[LeetCode]039. Combination Sum
Given a set of candidate numbers (C) and a target number (T), find all unique combinations in C where the candidate numbers sums to T.
The same repeated number may be chosen from C unlimited number of times.
Note:
- All numbers (including target) will be positive integers.
- Elements in a combination (a1, a2, … , ak) must be in non-descending order. (ie, a1 ≤ a2 ≤ … ≤ ak).
- The solution set must not contain duplicate combinations.
For example, given candidate set 2,3,6,7 and target 7,
A solution set is:
[7]
[2, 2, 3]
Solution: use the DP and recursion method.
Note the back tracking and the null pointer error in line 21.(still don't know why)
public class Solution {
public ArrayList<ArrayList<Integer>> combinationSum(int[] candidates, int target) {
// Note: The Solution object is instantiated only once and is reused by each test case.

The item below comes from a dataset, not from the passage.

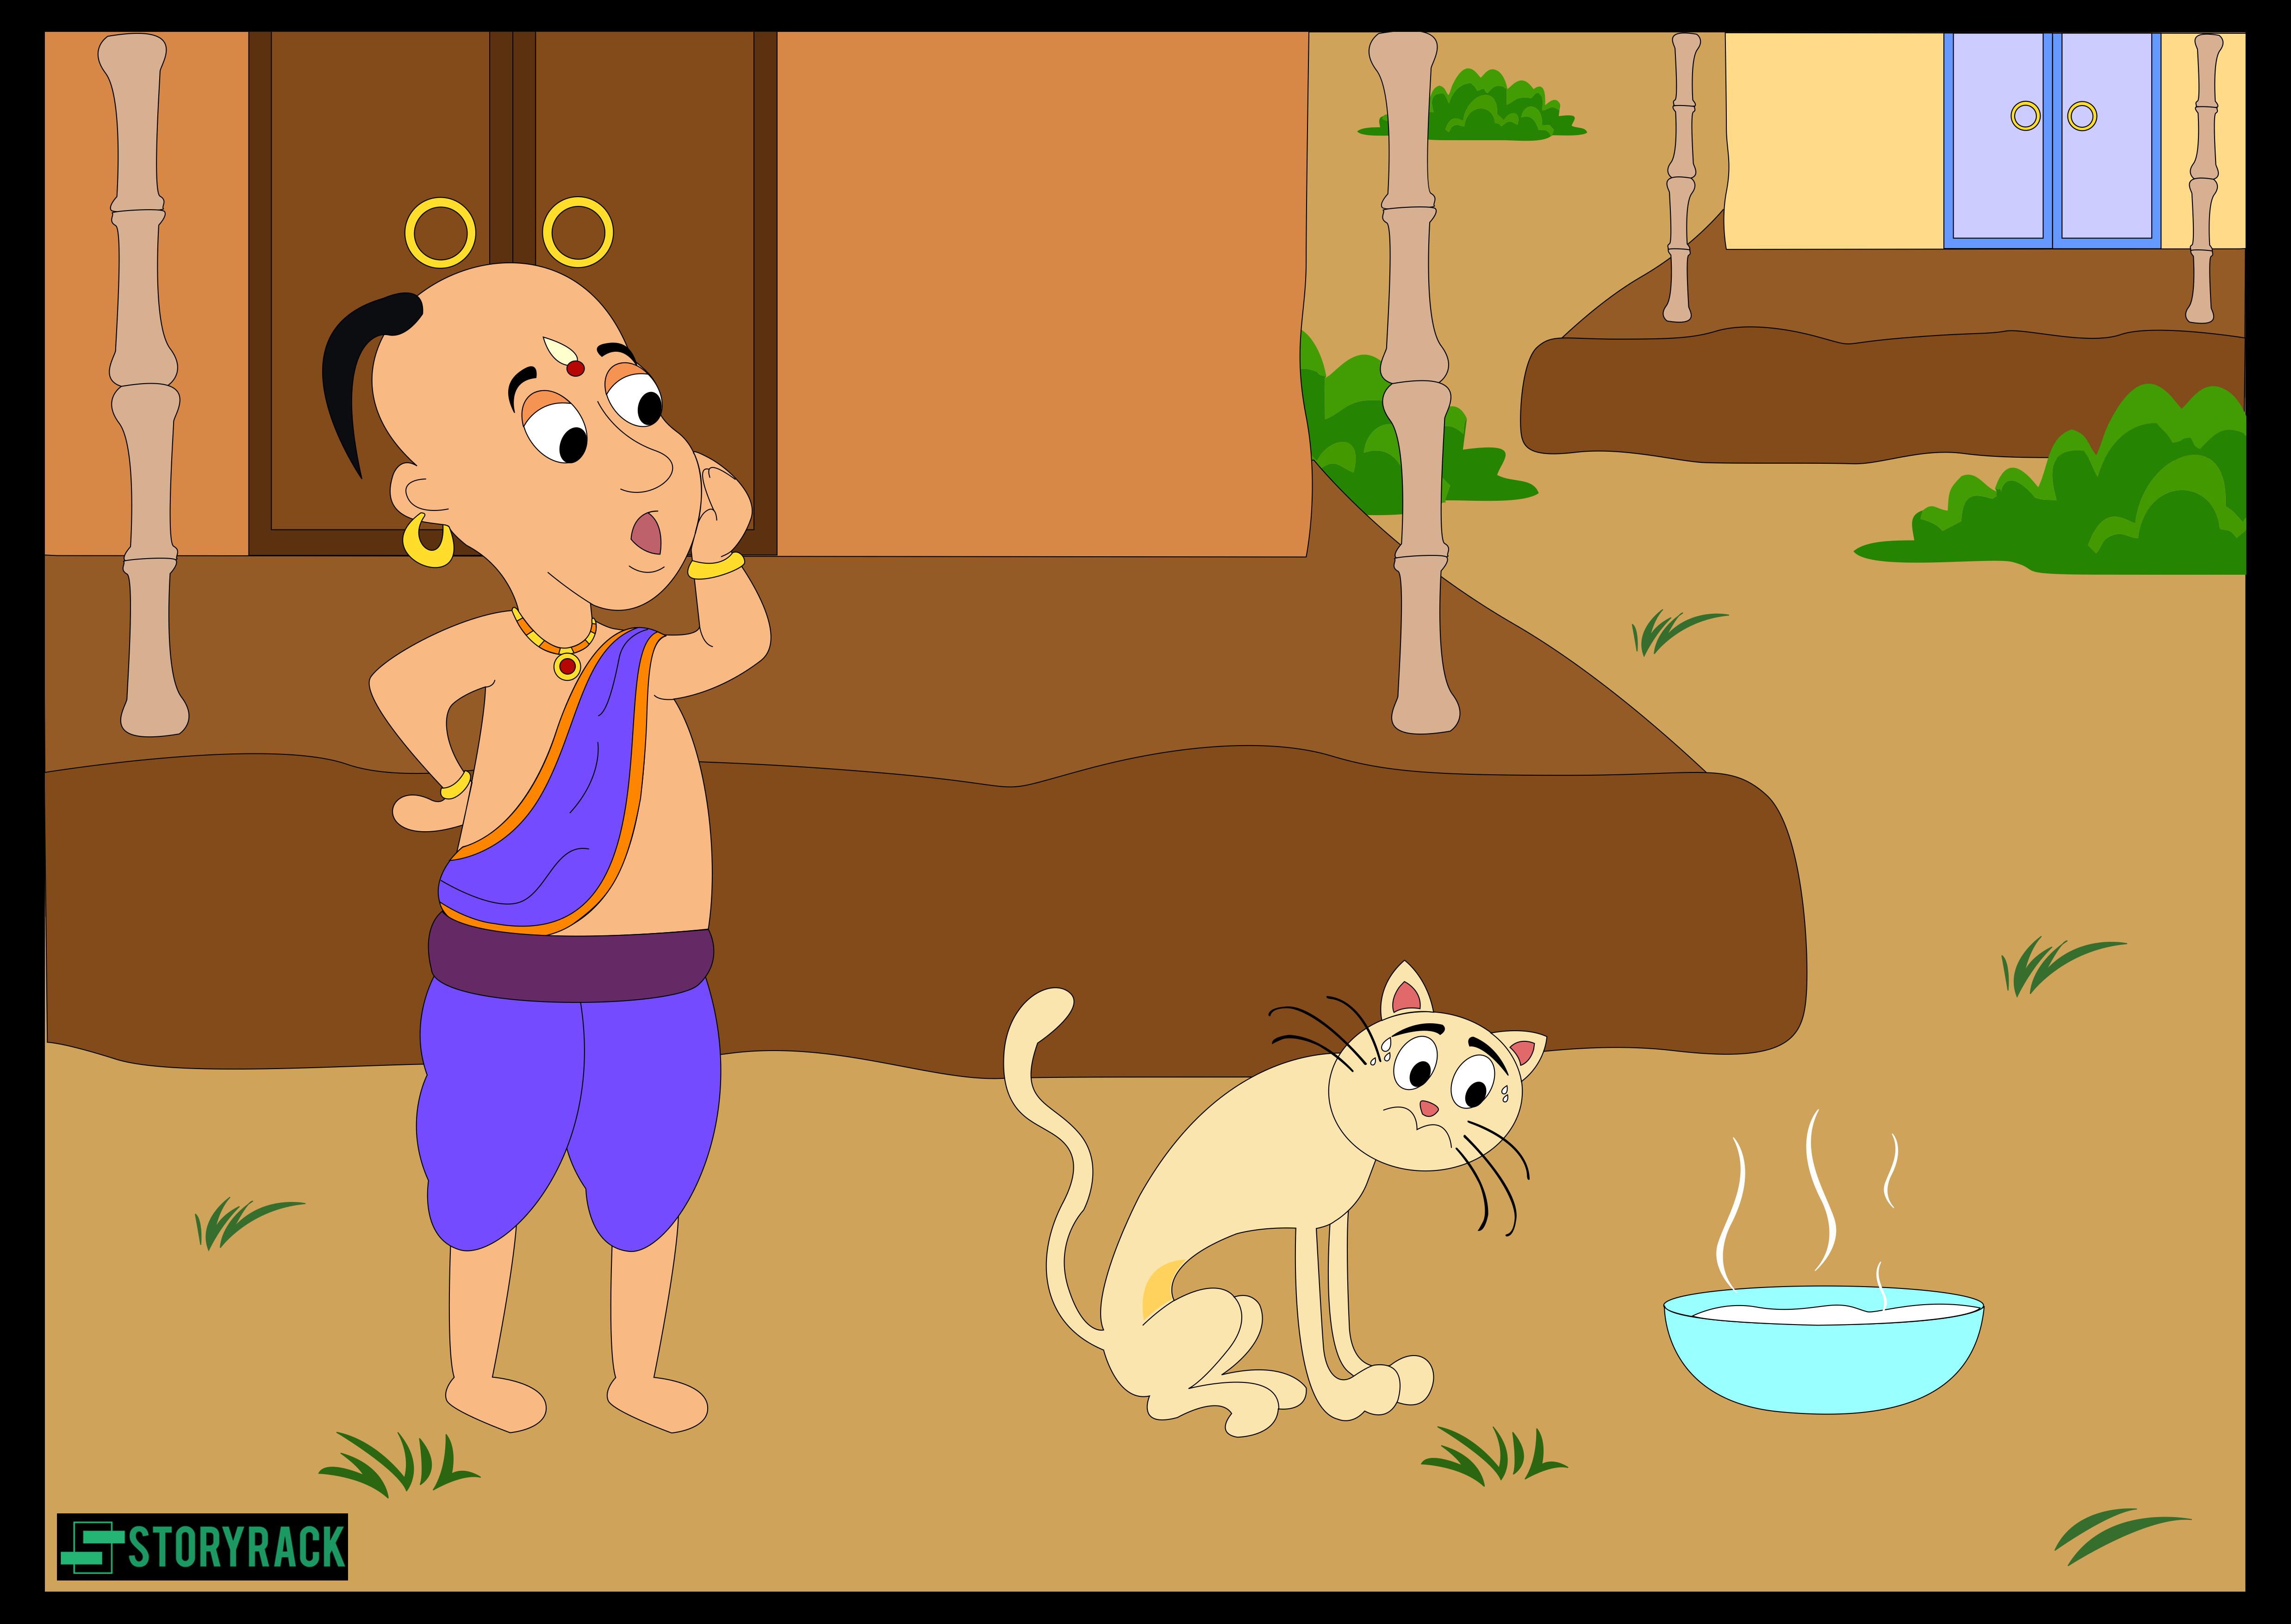 Tenali and his Cat

ArrayList<ArrayList<Integer>> result = new ArrayList<ArrayList<Integer>>();
int len = candidates.length;
if(candidates == null || len == 0){
return result;
}
Arrays.sort(candidates);
if(target < candidates[0]){
return result;
}
ArrayList<Integer> al = new ArrayList<Integer>();
findSum(candidates, 0, len, target, result, al);
return result;
}
public void findSum(int[] candidates, int start, int end, int target, ArrayList<ArrayList<Integer>> result, ArrayList<Integer> al){
if(target == 0){
result.add(new ArrayList<Integer>(al));
//at first I wrote result.add(al) here, and get the wrong answer, don't know why.
return;
}
for(int i=start; i<end; i++){
if(target < candidates[i]){
break;
}
al.add(candidates[i]);
target -= candidates[i];
findSum(candidates, i, end, target, result, al);
target += al.remove(al.size()-1);
//use the back traking here!
}
}
}